When collecting various sorts of data, we usually keep track of the date the data was collected.
But, in terms of data observability, what matters most is when the data was uploaded and whether it is current.
Assume we’re using a scheduler, such as Airflow that delivers revenue data to the database at the end of the day. The data import may fail if we do not specify a timeout for a certain task in DAG, or if we choose a timeout that is too short. One task might crash and the subsequent one won’t launch. As a consequence, we don’t have data for today, which creates a dilemma. It is crucial to do regular timeliness checks to avoid this from occurring.
The consistency of these types of data sets is critical. Before you begin any analysis, double-check that the data is current and free of gaps. Such failures can be caused by a variety of factors, including a lost connection during insertion, a failure to send data on time, or a loss of access to a database (due to a change of location or permissions). They all imply that the data might not be uploaded in a timely manner, resulting in inaccurate analysis results.
Timeliness checks are aimed at verifying whether the data is up to date, there is no delay in loading files into the databases, or whether it does not take too much time.
We will use electricity load data, which should be updated every 15 minutes.
We will get the data timeliness information, by extracting the delays between each two, neighboring record’s time stamps. Then we will save them in the result table and see if the data is current.
Before you continue reading, DQOps Data Quality Operations Center is a data quality platform that supports all types of timeliness checks. DQOps both tracks the current data timeliness delays on dashboards and measures the data timeliness reliability by tracking timeliness KPI scores. Please refer to the DQOps documentation to learn how to start tracking timeliness.
Table of Contents
What is data timeliness
The data timeliness dimension checks whether the data is current. A measure of this dimension is the time between when the data is expected to appear and when it is available. The principles of when to perform a timeliness check are dictated by the time when we expect a new batch of data.

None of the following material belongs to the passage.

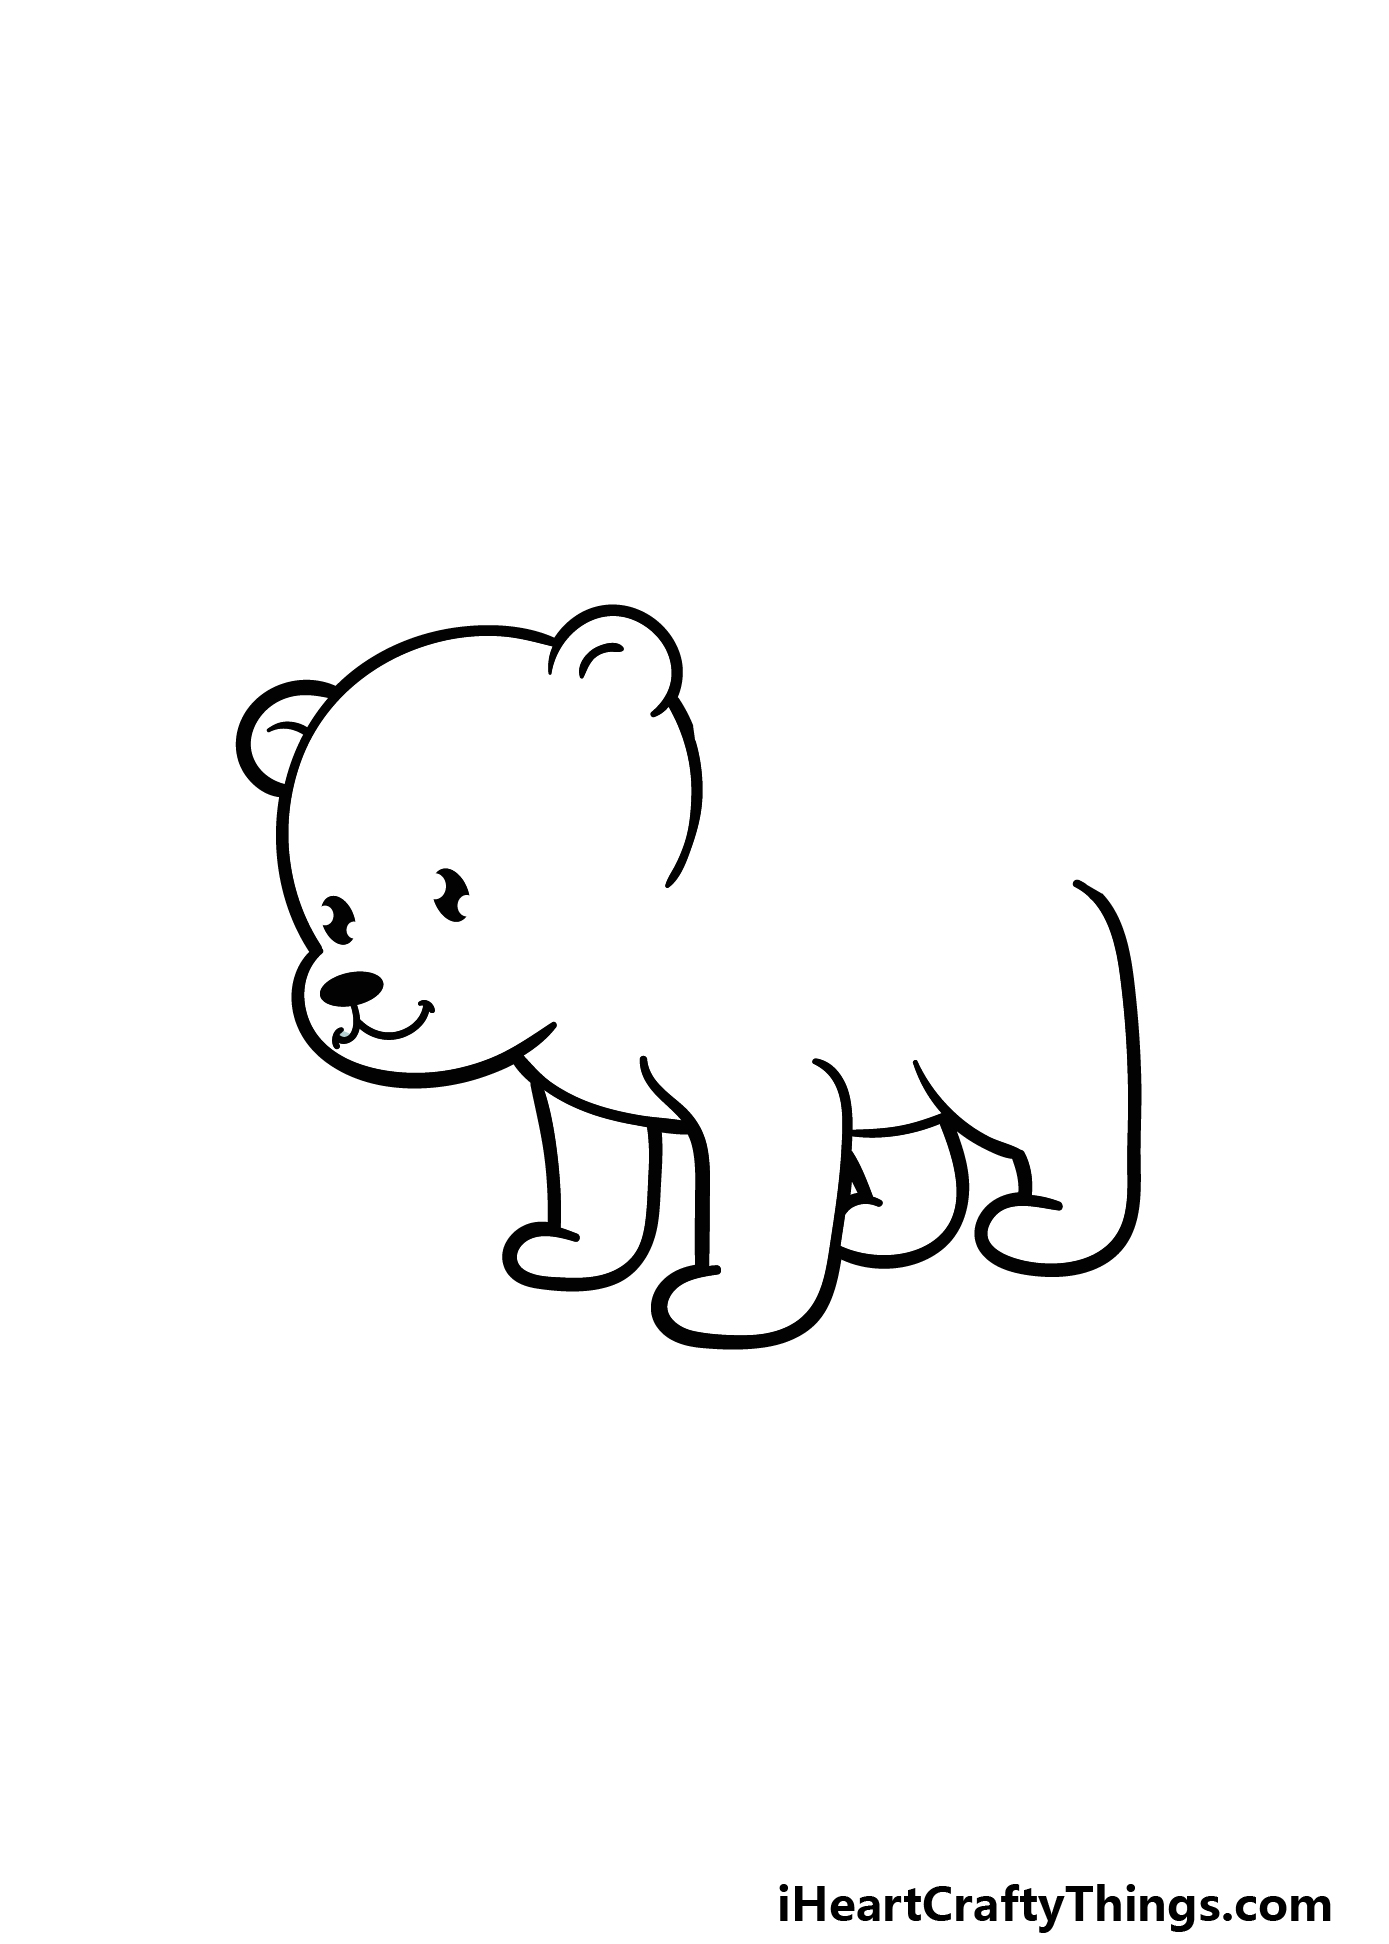 Cartoon Polar Bear Drawing - How To Draw A Cartoon Polar Bear Step By Step

There are a couple of different checks that you can associate with timeliness. The most fundamental one is controlling data to be up to date. For example, you can check if the data emerges regularly, find out the interval of two events (for example, the date of data arrival and the tests upon it), etc. You can read more about different types of data timeliness checks in a dedicated blog post.

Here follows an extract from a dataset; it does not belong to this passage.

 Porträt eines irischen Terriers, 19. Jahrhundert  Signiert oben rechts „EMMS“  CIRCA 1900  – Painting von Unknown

When executing data timeliness checks, everything may appear to be fine – the data is processed regularly without any errors. So, one might question:
Why do we need the test if everything is correct?
In the majority of cases, it is risky to assume that the dataset is flawless.
In the real-world scenario, there is a procedure for determining whether everything is correct regarding timeliness and other data quality dimensions.
As we discussed earlier, timeliness is a dimension we should test regularly. Constant information over data flow is a major aspect of data observability. If we observe incorrectness in timeliness, it is a sign that some issues might appear.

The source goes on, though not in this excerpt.